Vera Caldeira fala de custos como a publicidade nas redes sociais que é essencial para que consigam “competir com marcas maiores”, mas sabe que é difícil ter esse dinheiro para investir. “Há muitas marcas que começam todos os anos e vão acabando. Tudo custa muito dinheiro”, lamenta. Só ao final do terceiro ano da marca, é que o projecto começou a dar lucro e os dois empresários “a receber um salário”, dizem.
E agora será quase como voltar a esse ponto, sobretudo pelo desejo de conquistar os EUA. “Já estão no nosso top de mercados com mais vendas, atrás do Reino Unido, Espanha, França e Alemanha”, enumera Pedro Caldeira, que se confessa “com bastante medo” face à imposição de taxas alfandegárias por parte da Administração de Donald Trump. “Não sei o que esperar. Não sei quanto é que nos pode afectar. Mas é uma coisa em que temos andado a pensar bastante”, responde, sem detalhar os planos da Gandaia para responder às anunciadas taxas. “É o nosso principal mercado de sonho”, afiança Vera Caldeira.

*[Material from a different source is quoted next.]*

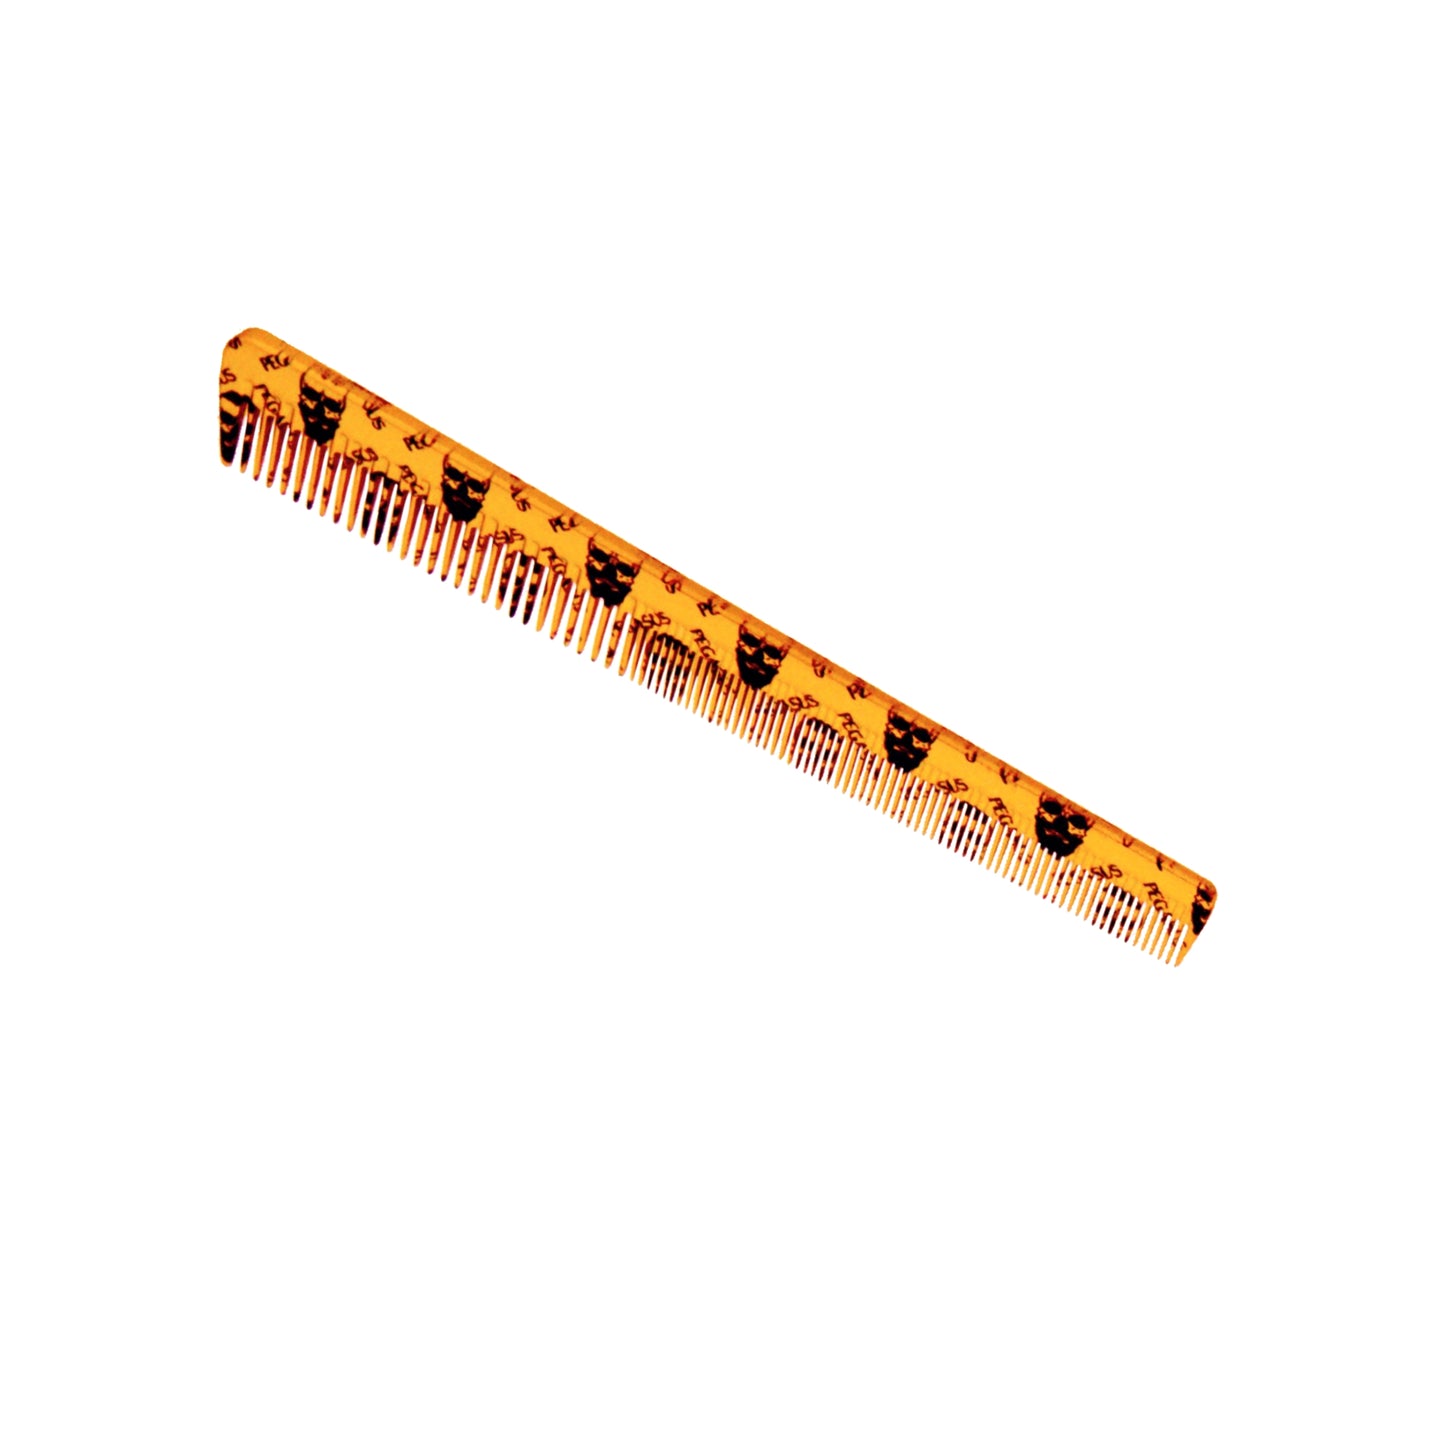 Pegasus Skulleto 303, 6.5in Hard Rubber Heavy Barber Comb, Handmade, Seamless, Smooth Edges, Anti Static, Heat and Chemically Resistant, Wet Hair, Everyday Grooming Comb | Peines de goma dura - Gold

Mas em que medida é que a Gandaia não será apenas um reencarnação da Mustique? “Aproveitamos esta mudança para a marca amadurecer no design. Vamos ter uma maior parte da colecção com designs mais atemporais”, desvenda a empresária. Mantêm-se os padrões “coloridos e divertidos”, agora desenhados por um designer interno, já que nem Vera, nem Pedro são criadores de moda, nem têm pretensão de sê-lo. Chegaram a apresentar na ModaLisboa uma vez, mas têm dúvidas se é esse o caminho para o projecto. “Nós fazemos roupa para as pessoas usarem e comprarem. Não é como se tivéssemos um atelier”, sublinha Pedro.
Para eles, a moda é um negócio e é um interesse comercial. Talvez essa perspectiva seja o segredo do negócio e esperam alcançar “finalmente” o milhão de euros de facturação com a Gandaia em 2025. “Vamos ultrapassar o milhão, não tenho dúvidas”, termina o empresário.